One of the important risk events for the US dollar in the week ahead will be the semiannual monetary policy testimony from Fed Chair Powell to Congress delivered on Wednesday and Thursday. We expect Chair Powell to deliver a similar message to the one at last week’s FOMC meeting. The Fed was clear that they now felt they could slow the pace of hikes but that the decision to skip a hike this month did not mean the hiking cycle was over. The updated dot plot revealed that the majority of FOMC members now favour delivering two more hikes by the end of this year and lifting the key policy rate to a peak of closer to 5.50%. Yet the US rate market is still not convinced that the Fed will deliver two more hikes and is currently pricing in only around 21bps of further hikes by September. However, we do not expect Chair Powell to push back hard against those expectations in his testimony this week. While there is a higher risk now of another hike in July, the incoming economic data over the summer period will determine whether the Fed delivers a second hike later this year. We continue to believe that building evidence of disinflation pressures will discourage the Fed from following through on current plans to deliver two more hikes, and see room for the US dollar to weaken further as the Fed becomes less hawkish.

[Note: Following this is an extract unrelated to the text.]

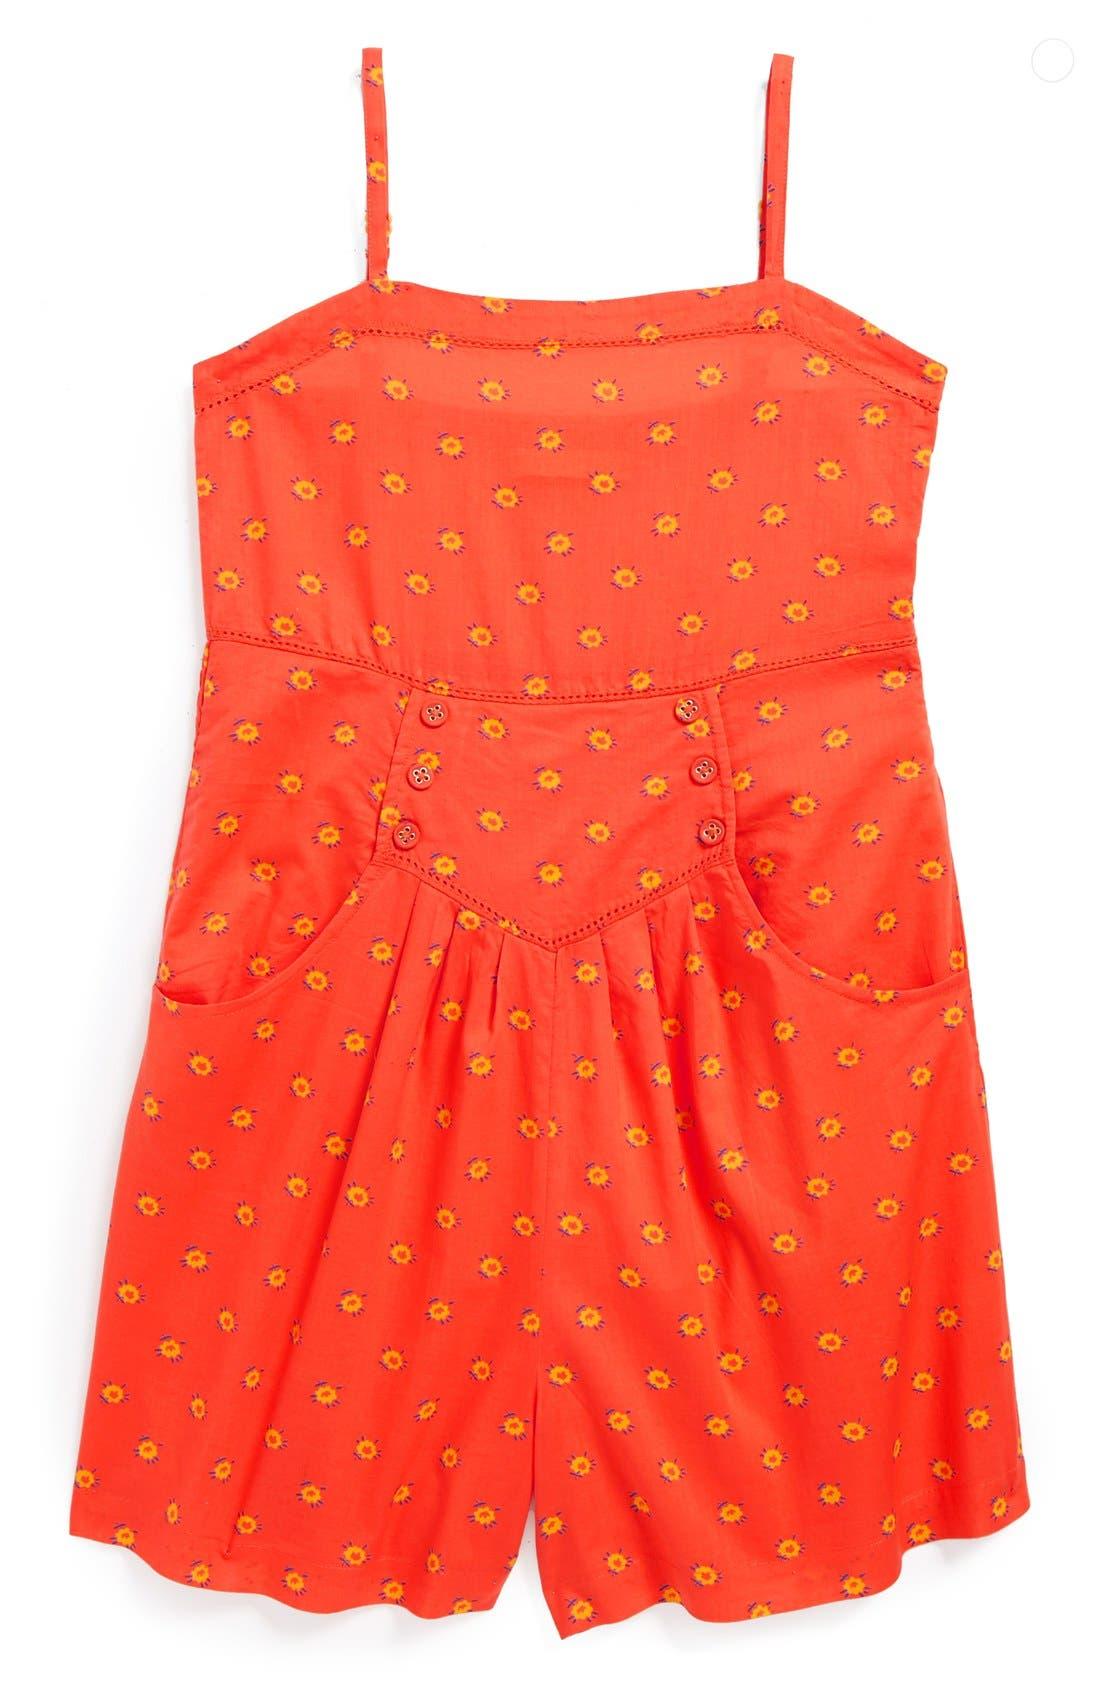 Alternate Image 1 Selected - Stella McCartney Floral Print Cotton Romper (Toddler Girls, Little Girls & Big Girls)

USD IS STILL REVERSING UKRAINE CONFLICT GAINS VS EUR & GBP
Source: Bloomberg, Macrobond & MUFG GMR
GBP: How long will the GBP continue to outperform?
It has been another good week for the GBP which hit hit fresh year to date highs last week against the other major currencies of the USD, EUR and JPY. It extends the GBP’s bullish run that has been in place since early in March. The GBP has been the best performing G10 currency since 8th March when it has strengthened by 8% against the USD, 4% against the EUR and 11% against the JPY. The GBP’s bullish trend is being encouraged by expectations for a more extended BoE tightening cycle. With the exception of the brief dip lower in the middle of March when the US regional banking crisis first emerged, UK yields have adjusted sharply higher during this period of GBP outperformance. The yield on the 2-year UK Gilt yield has risen by around 1.10 percentage points since 8th March hitting a fresh cycle high of 4.97% today. More importantly for the FX market, the move higher in UK yields stands in marked contrast to the adjustment lower in yields in other major economies. For comparison, the 2-year US Treasury bond yield has fallen by around 0.50ppt over the same period, the 2-year euro-zone government bond yield has fallen by around 0.20ppt, and the 2-year JGB yield has fallen by around 0.03ppt. It has resulted in yield spreads moving sharply in favour of a stronger GBP.
Market expectations for more aggressive BoE rate hikes will be tested in the week ahead by the release of the latest UK CPI report for May (Wed) and MPC meeting (Thurs). In light of the recent repricing, the hurdle for another hawkish surprise that triggers another leg higher for UK rates and the GBP in the week ahead is arguably much higher now. It will be hard for the BoE’s policy update to fully meet market expectations for a further 125-150bps of hikes. It would likely require the BoE to revert back to delivering a larger 50bps hike or to provide a hawkish signal that a larger 50bps hike is a more realistic possibility at the following MPC meeting in August when policymakers will be able to better assess the inflation outlook alongside the updated Monetary Policy Report.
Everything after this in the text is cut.